Agent skill

skill-monitor

Analyze skill effectiveness across sessions. Computes per-skill metrics (action rate, friction, outcomes), identifies degrading skills, and generates improvement recommendations. Requires session-scan data in metrics.jsonl.

Stars 252
Forks 17

Install this agent skill to your Project

npx add-skill https://github.com/oliver-kriska/claude-elixir-phoenix/tree/main/.claude/skills/skill-monitor

SKILL.md

Skill Monitor

Closed-loop skill effectiveness monitoring. Reads session metrics, computes per-skill signals, identifies what's working and what needs improvement.
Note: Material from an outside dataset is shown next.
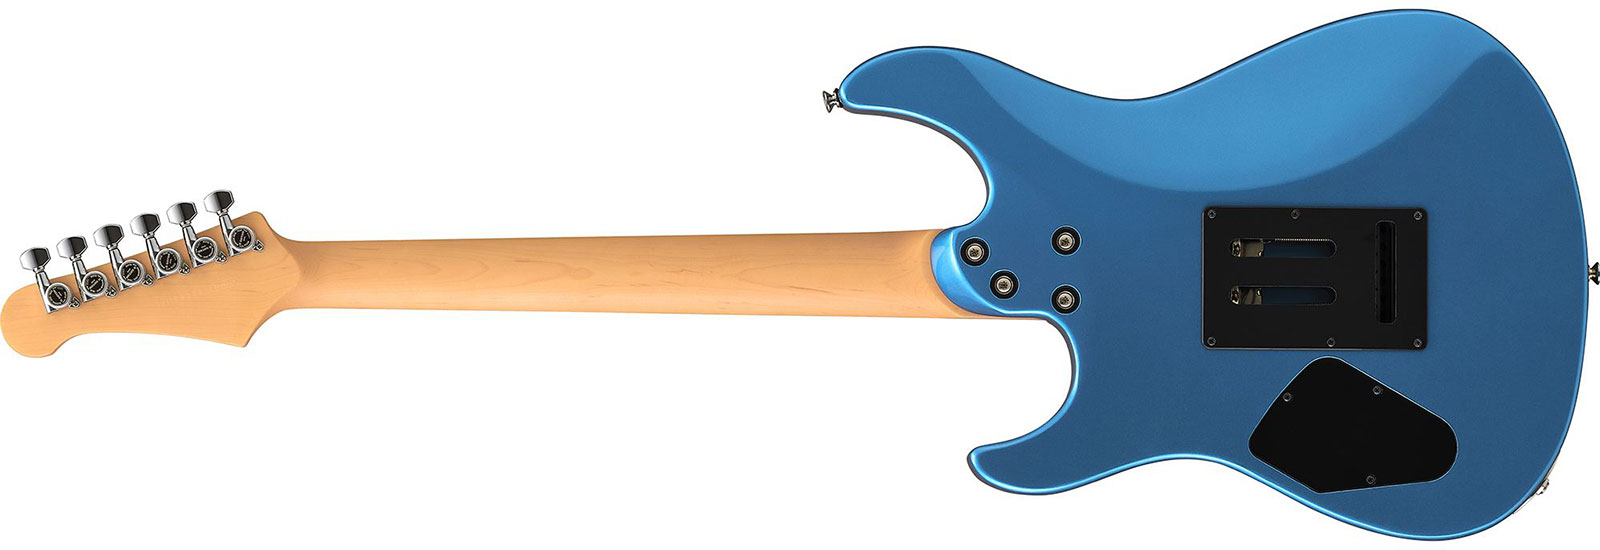 Yamaha Pacifica Standard Plus Pacs+12 Trem Hss Rw - Sparkle Blue - Str shape electric guitar - Variation 1

Inspired by the deploy-monitor-evaluate-improve feedback loop: skills get better over time instead of staying static.

Requirements

Requires .claude/session-metrics/metrics.jsonl from /session-scan. If no data: suggest running /session-scan first.

Usage

/skill-monitor                     # Dashboard: all skills
/skill-monitor --skill review      # Deep-dive on one skill
/skill-monitor --improve           # Generate improvement recommendations
/skill-monitor --window 30d        # Change comparison window (default: 7d)

What Main Context Does

Step 1: Parse Arguments

Extract from $ARGUMENTS:

  • --skill NAME: Focus on one skill (e.g., review, plan, investigate)
  • --improve: Spawn analysis agent for improvement recommendations
  • --window PERIOD: Comparison window (7d, 30d, all; default: 7d)

Step 2: Load Metrics

Read .claude/session-metrics/metrics.jsonl. For each entry, extract the skill_effectiveness field (added by compute-metrics.py v2).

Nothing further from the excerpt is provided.